Quality Measures for NSCLC Significantly Improve Survival
Including certain quality measures as a part of care for patients with non-small cell lung cancer (NSCLC) who undergo surgery can significantly improve survival, according to results presented at the American Association for Thoracic Surgery Annual Meeting (May 14-18, 2016; Baltimore, MD).
Current guidelines by the National Comprehensive Cancer Network and American College of Chest Physicians recommend that operable patients with clinical stage IIIA NSCLC receive induction chemotherapy followed by resection if there is no sign of disease progression. While four quality measures have been identified that associate with better overall survival, it is still unclear to what extent physicians are using these measures as a part their care for patients.
For the study, researchers used data obtained from the National Cancer Data Base to identify 10,304 patients with clinical stage 3A NSCLC who had undergone surgical resection between 2006 and 2010. They looked at how frequently four interventions—neoadjuvant multi-agent chemotherapy, lobar (or greater) resection, sampling of at least 10 lymph nodes, and R0 resection (tumor has been removed to the extent that the margins are free of cancerous cells)—were used in patients and whether they led to improved rates of survival.

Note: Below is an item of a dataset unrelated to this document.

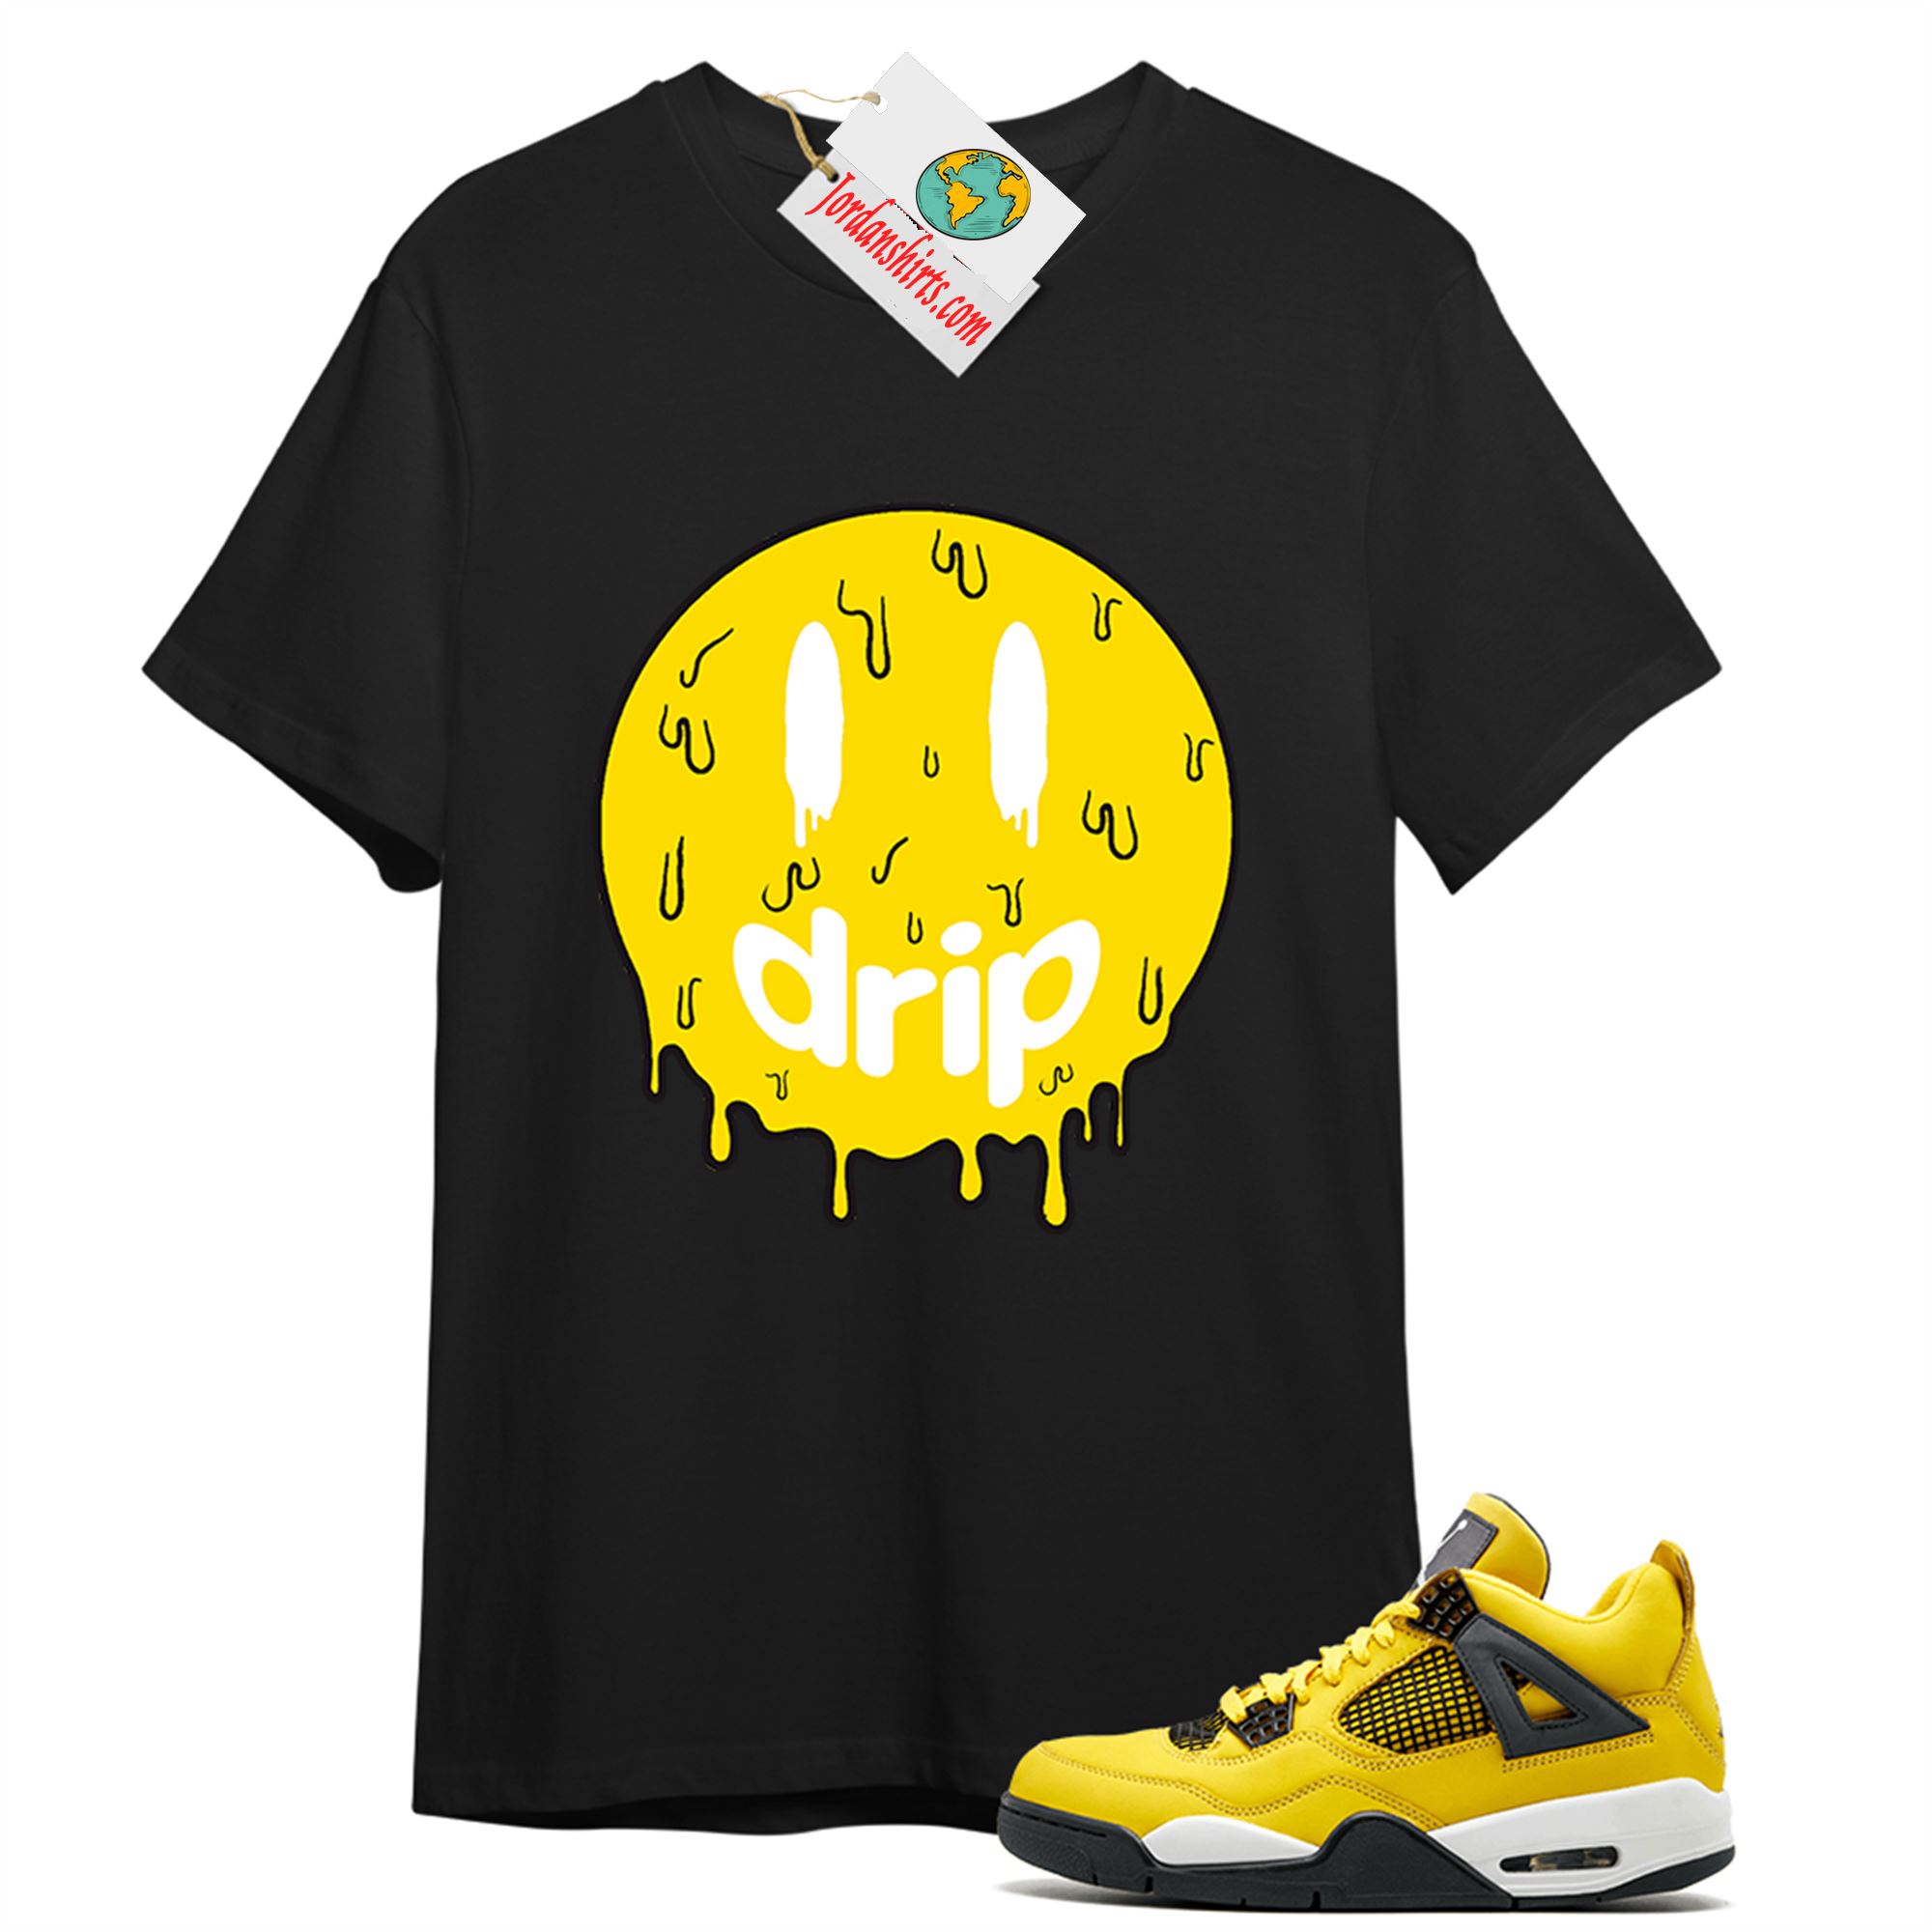 Jordan 4 Shirt, Drip Black T-shirt Air Jordan 4 Tour Yellow Lightning 4s Plus Size Up To 5xl

Pamela Samson, MD, MPHS, Washington University (St Louis, MO), presented the results of the study. Overall, the most frequently missed measure was that of neoadjuvant multiagent chemotherapy, which was used in only ~30% of patients. Sampling of at least 10 lymph nodes was the next least used (40% of patients), followed by the receipt of lobectomy or greater resection (84% of patients) and negative surgical margins (87%). Only 12.8% of patients received all for interventions, said Dr Samson.

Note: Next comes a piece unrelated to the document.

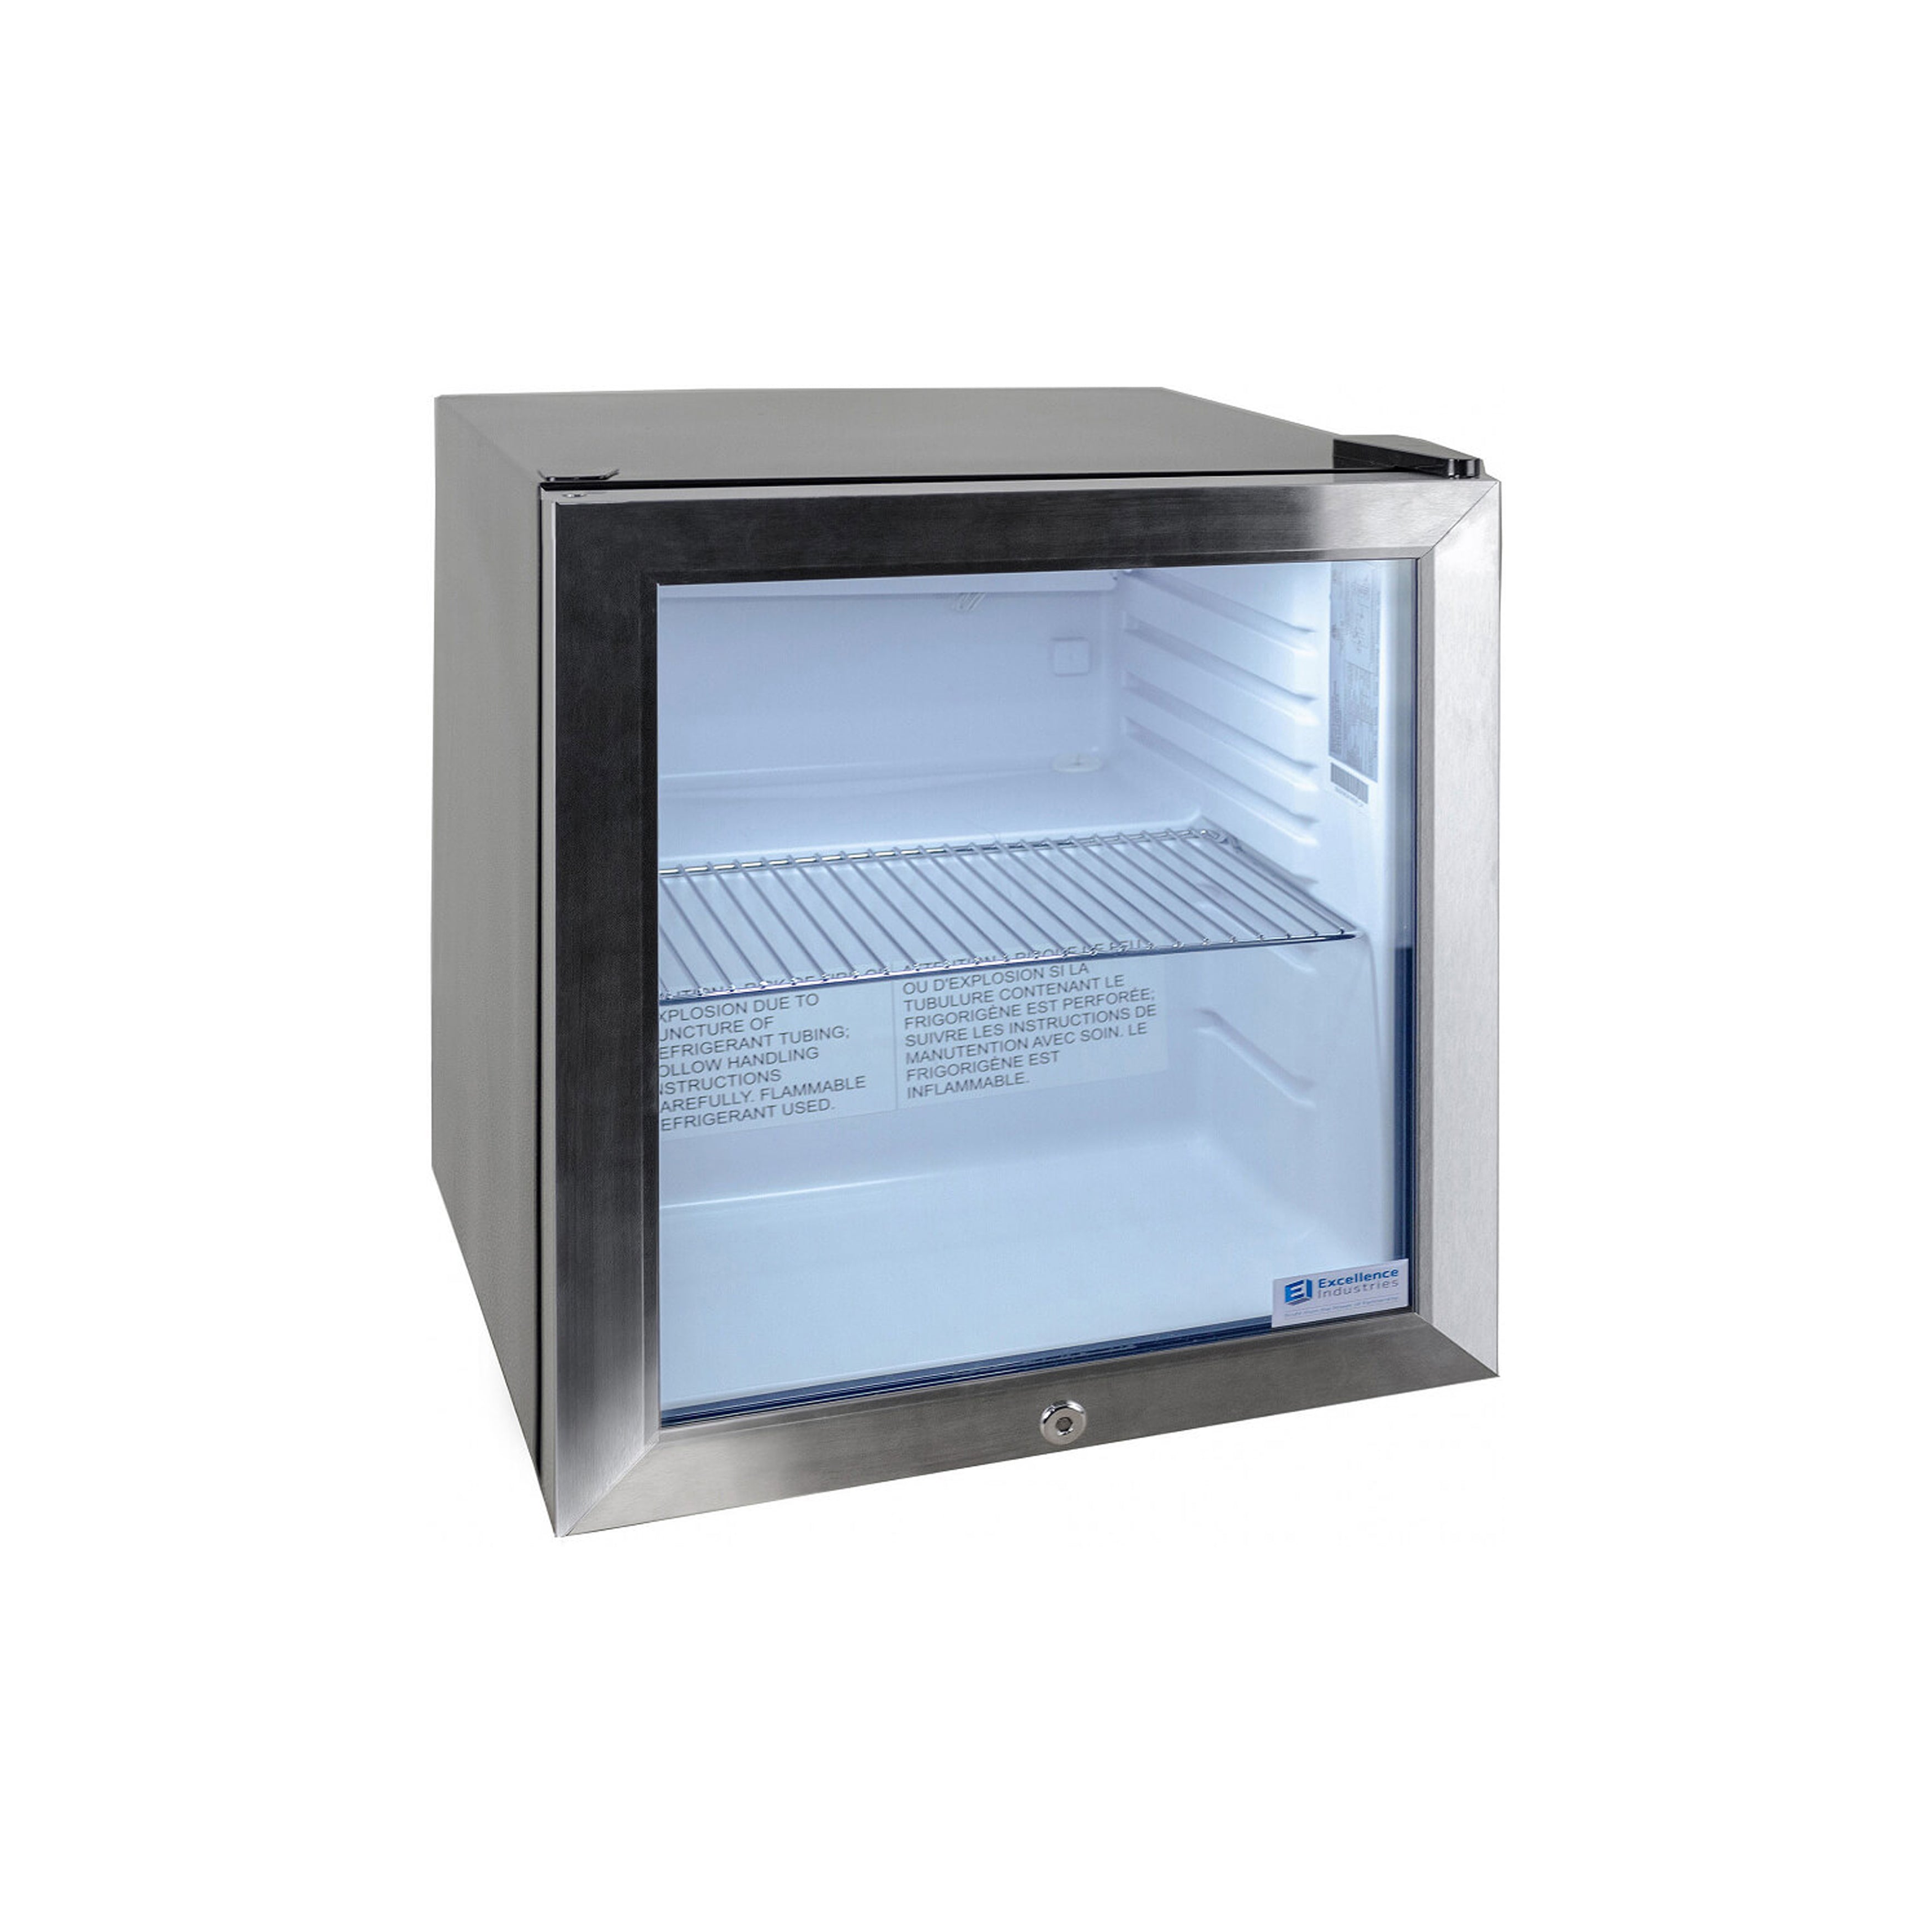 Excellence Industries - EMM-2HC, 17" Commercial 1 Swing Glass Door Countertop Refrigerated Merchandiser 1.6 cu.ft.

Median overall survival was 12.7 months for patients who did not receive any of the interventions, 25 months for those who received one interventions, 31.4 months for two interventions, 36.6 months for three interventions, and 43.5 months for patients who received all four interventions.
In addition, patients who were privately insured, had higher education, and received their care at an academic or high-volume surgical center were more likely to receive all four quality measures. Those who received fewer interventions tended to be older, non-Caucasian, and with multiple comorbidities.

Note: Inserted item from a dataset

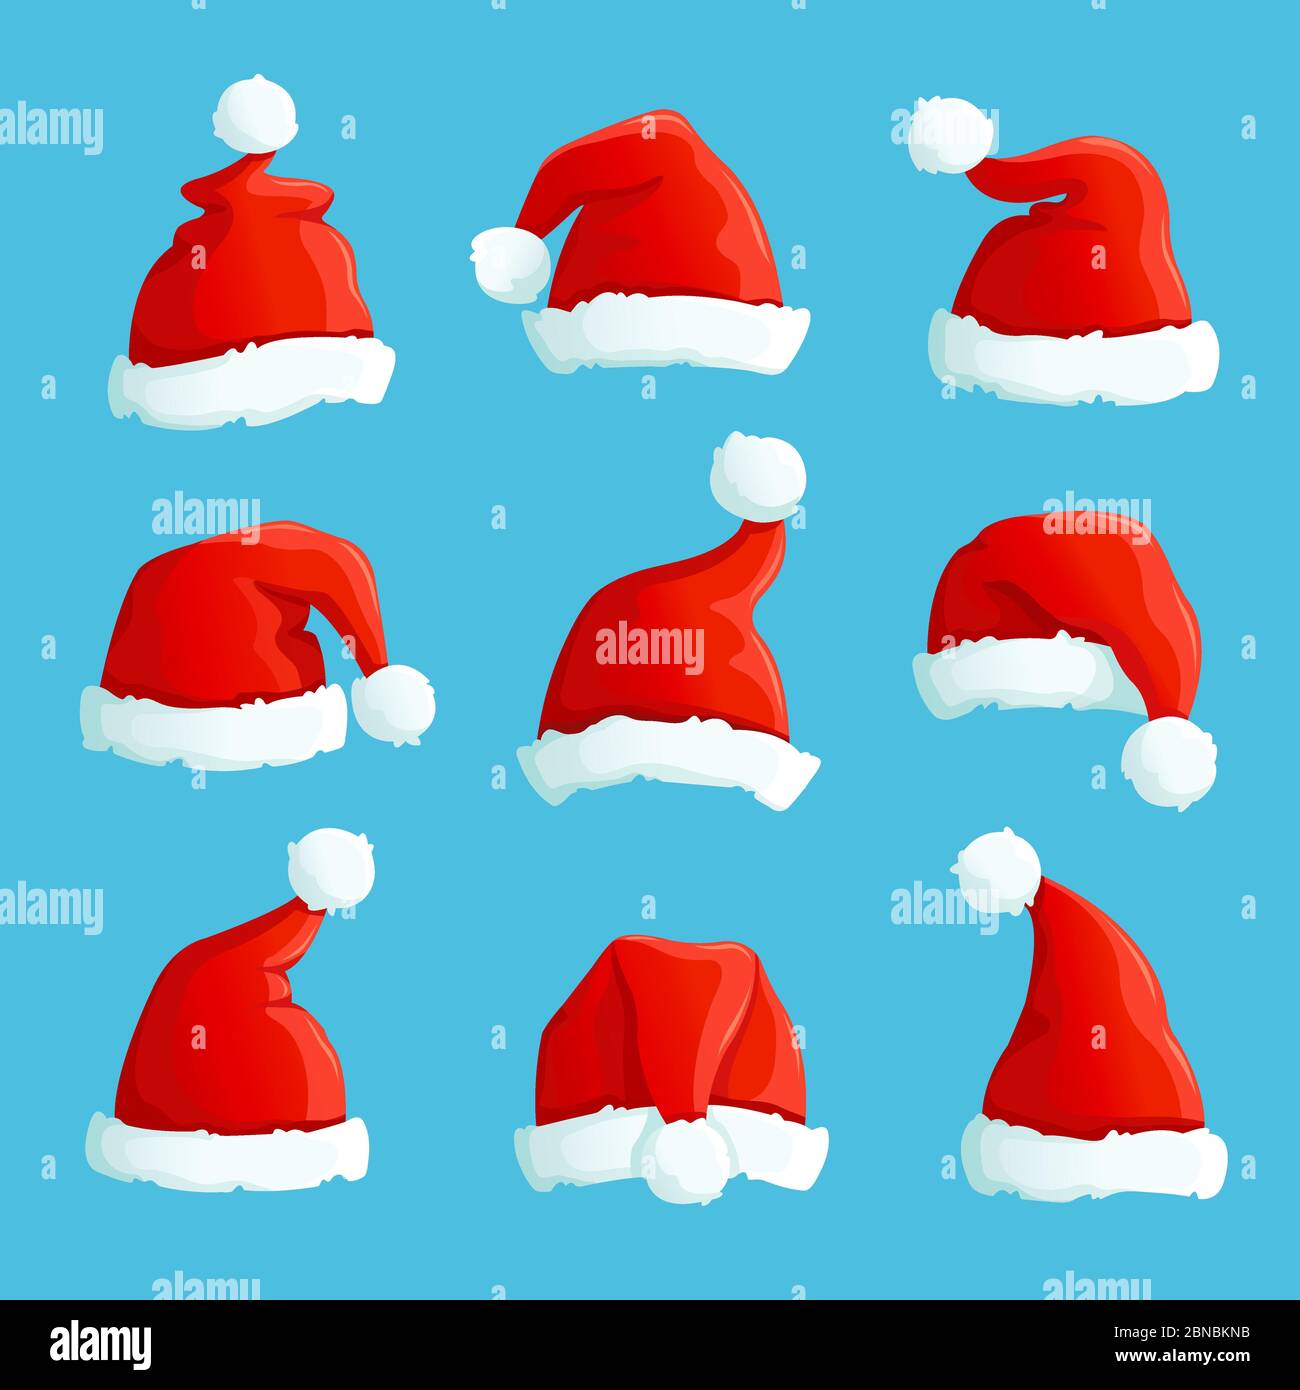 Weihnachtsmützen. Cartoon weihnachten Kostüm Mützen mit Fell. weihnachtsmann  Hut Vektor-Set. Illustration von Mütze santa claus, Kostüm Weihnachten  Stock-Vektorgrafik - Alamy

"This analysis demonstrated that the majority of clinical Stage IIIA NSCLC patients are not receiving multiagent induction chemotherapy prior to resection. This is surprising, given the fact that the majority of patients in this study (80%) presented with clinical N2 disease," concluded Dr Samson.
She added that the improved survival of patients who received all four interventions, "underscores the need for evaluation of the clinical Stage IIIA NSCLC patient by a multi-disciplinary group."